Moral: Beim Entsorgen der Leichenteile im Abfluss entweder massig Abflussreiniger nachschütten, oder noch besser vorher nachfragen, ob das Rohr nicht zufällig aus Blei besteht, aber das kennt man eh schon alles aus CSI. Wasserschaden


  1. ich liebe dieses Wort 

  2. verstehe ich gar nicht andere Leute zahlen viel Geld für Zierbrunnen 

  3. war eh schon nötig 


  1. Mansur 2006-06-01 23:53

    Wow!

    Burschen, da habts ja fast noch mal Glück ghabt (Glück, weil euch hätt die sprichwörtliche Scheisse ja auch bis zum Hals stehen können und fast, weil ja doch ein bisserl Dreckwasser ausm Ausfluss gekommen is)!
    Man kann nur hoffen, dass die Wände wenn sie wieder trocken sind auch wirklich schöner sind (das verspricht sich ja so manche Frau von Schlammpackungen hab ich mir sagen lassen)!!!

    Lg an euch beide und Georg: schönen Urlaub,

    Mansur

  2. alexander 2006-06-02 6:15

    Stimmt eigentlich hast du recht, ich hoffe halt nur, dass der Effekt nicht ähnlich wie beim runzligen Apfel, der dann unter Vakuum glatt wird, ist.
    Das mit dem „bisserl Wasser“ sag einmal dem Georg, der den ärgsten Dreck in der Küche entfernt hat.
    Und nett, dass du zwar dem Georg aber nicht mir einen schönen Urlaub wünscht!

  3. roarr 2006-06-02 7:09

    Hab ich dich richtig verstanden? Hab ich mich verhört? Vielleicht ein Schreibfehler? Der Georg soll die Küche geputzt haben?!?

    Und das mit dem Urlaub ist ganz leicht zu erklären: Ihr Studenten seid doch immer im Dauerurlaub. Wenn er dir da immer einen schönen Urlaub wünschen würde, müsste er ja praktisch täglich anrufen…

  4. alexander 2006-06-06 16:31

    Mittlerweile erscheint es mir auch wahrscheinlicher, dass der Handwerker nicht in so einer dreckigen Abwasch arbeiten wollte und deshalb zuerst einmal das schmutzige Geschirr abgewaschen hat (sonst wäre Georgs 1x alle 3 Monate abwaschen Plan ja voll durcheinander gekommen)

    Das mit dem Urlaub stimmt eigentlich. Auf der UNI und in den Ferien sitze ich vorm Computer. Wenn ich jetzt den Roboter dazu bringe mir ein Bier zu holen, oder noch besser mir einen Cocktail zu mixen, dann komme ich mir bald wirklich vor wie in den Ferien. Vorallem seit wir einen Heizstrahler haben und damit Temperaturen von über 15 Grad im Labor herrschen!

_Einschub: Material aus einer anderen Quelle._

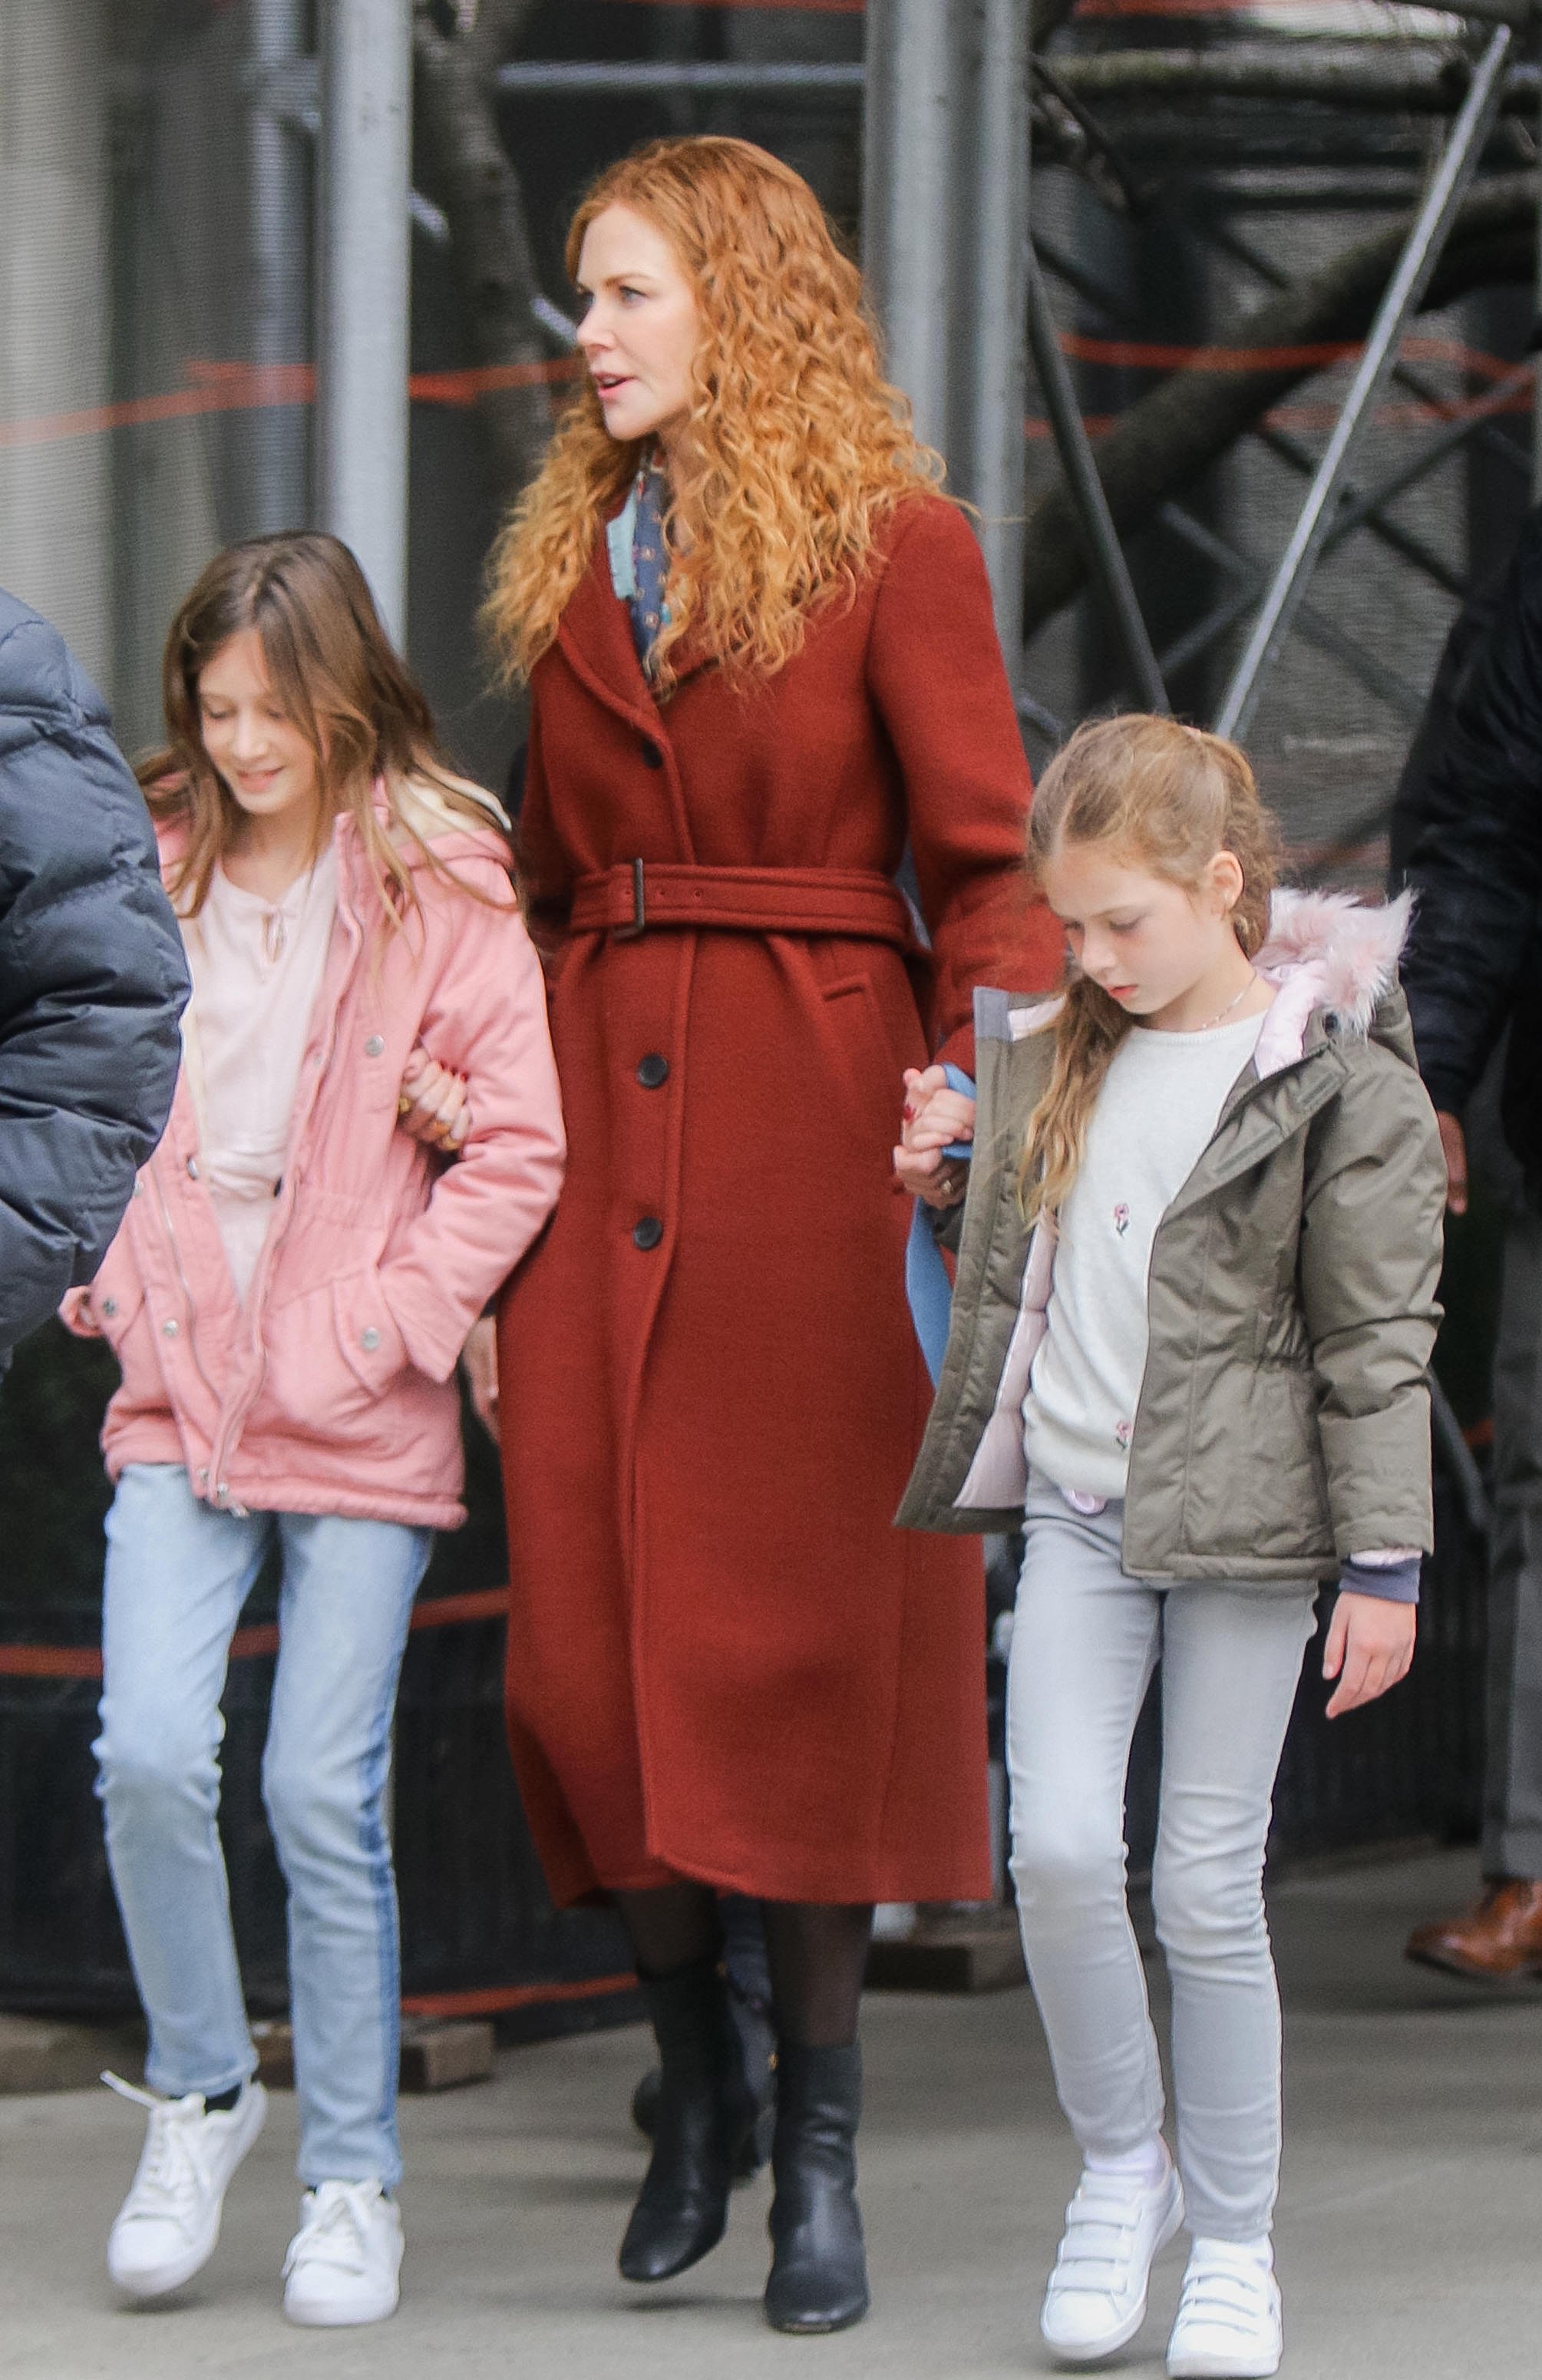 Nicole Kidman and her daughters, Faith and Sunday pictured on March 29, 2019 in New York City | Photo: Getty Images

  5. Anonymous 2006-06-06 16:42

    mehr als 15°? pfff… solltet ihr nicht lieber auf solchen luxus verzichten und dafür mehr geld für die forschung haben?

  6. alexander 2006-06-09 6:35

    Das wichtigste und teuerste Kapital ist eindeutig mein Hirn, danach kommt h.w. einer von den 10.000+ Euro Robotern. Nochdazu kommt, dass wenn mein Hirn auf Eis liegt gibt es niemanden der sich mit dem teuren Roboter beschäftigt!